A neighborhood would have up to 9,999 accounts underneath them, with the numbers representing the user's "block". Over time, Geocities added "Suburbs", which allowed an expansion past 9,999 users; these would have names like "Vault" and "Cavern" under the "Area51" neighborhood. A URL would then be available in the form of www.geocities.com/NEIGHBORHOOD/SUBURB/XXXX.
Geocities Homestead Neighborhoods and Suburbs, although having not been updated since 2007, gives an excellent overview of the Geocities history of Neighborhood organization.
The Various Names and Incarnations of Geocities
Originally called Beverly Hills Internet, the company opened up free web hosting in 1995 after a beta period.  It renamed itself to Geopages, and then Geocities. After its acquisition by Yahoo, its name was changed to Yahoo Geocities, which is what it remained until demise.
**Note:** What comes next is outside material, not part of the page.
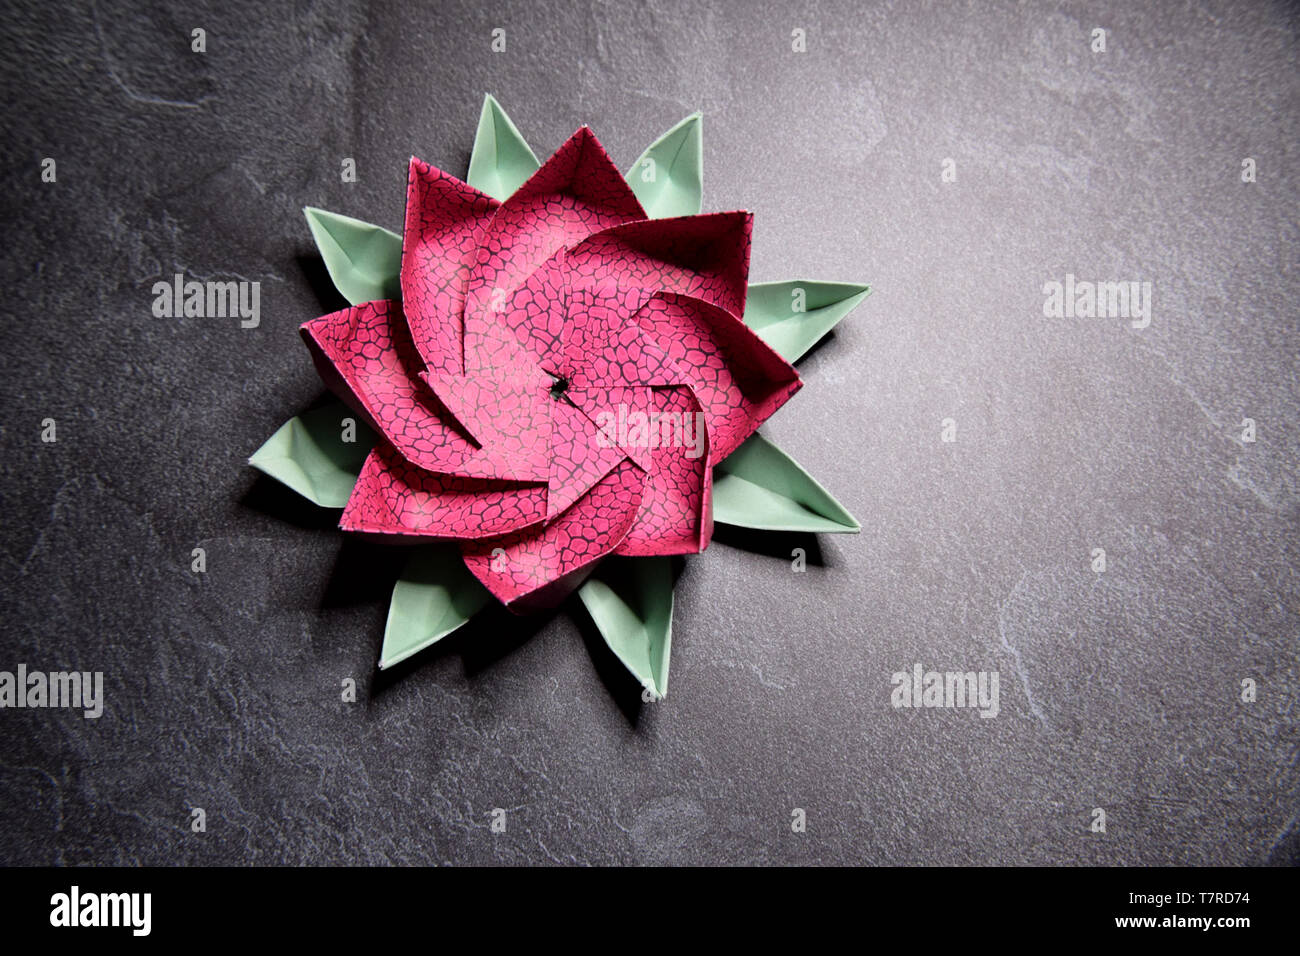 Pink Origami Lotus Flower - Ars and Crafts, Paper Art on Textured Stone  Backgrund Stock Photo - Alamy

The Size and Amount of Geocities Accounts
Geocities would provide a limited amount of space for its users to build websites, although this amount grew over time. While the most famous about is fifteen megabytes per site, the number was actually much more variant and changed through different amounts over its lifetime. This is an attempt to find citations of the size from various sources; it is clear from the various points of reference that different people got different deals through Geocities over the years, especially with regard to paid versus free hosting.
This small size explains the usual look and feel of Geocities accounts, as users were naturally restricted in what items they could have on their pages, and would lean towards simple graphics or utilizing hotlinsk to build their look.
- 1997: 2mb Limit for Geocities. 
- April 29, 1997: Geocities welcomes its 500,000th "Homesteader" and increases the limit to 11mb. 
- 1998: 15mb limit for small business service 
- 1999: Geocities has 12 terabytes of storage. 
- 2001: 15mb for Geocities, 25mb for $8.95 a month 
- 2002: 15mb Limit for Geocities.
- 2002: 25mb for the newly introduced "Geocities Plus"
- 2003: 25mb for Geocities Plus (As of June)
- 2005: 75mb for Geocities Plus (As of January)
- 2005: 25mb for Geocities Plus (As of April)
Yahoo's Site Explorer showed 23M html pages in Yahoo's index as of April 29th, 2009.
Tips n' Tricks
- Although simple directory listings aren't accessible user's accounts, you might be able to obtain Apache-style directory listing for their subdirectories. For example, by stripping off the page filename for http://www.geocities.com/nenehs_world1/discography/homebrew.html, we can obtain an index for the subdirectory http://www.geocities.com/nenehs_world1/discography/; the benefit of this is that there may exist files which are not linked internally or externally, so crawlers are not made aware of them. Unfortunately, it seems many users do not organize their content into subdirectories, instead preferring to dump all files directly into the user directory. Also, they may have been good webmasters and provided a directory index which overrides directory listings.
- User:Jscott, Joey paulprote and many others are downloading the main www.geocities.com stuff.
- User:Soult downloaded parts of de.geocities.com, which is available as tar archive here (download takes 1-2 minutes to start before the first packets arrive, be patient)
- User:Bbot is mirroring downloaded content.
- User:Scumola is crawling geocities using the archive.org crawler but on hold in June due to Comcast's 250GB bandwidth limit. Will resume in July.
- Asheesh Laroia (User:Paulproteus) helped test User-Agent tricks to download from Geocities, and purchased geociti.es.
- User:Gouki, is downloading br.geocities.com.
- User:Jourdy288 is going to try to save Sega Master System Land.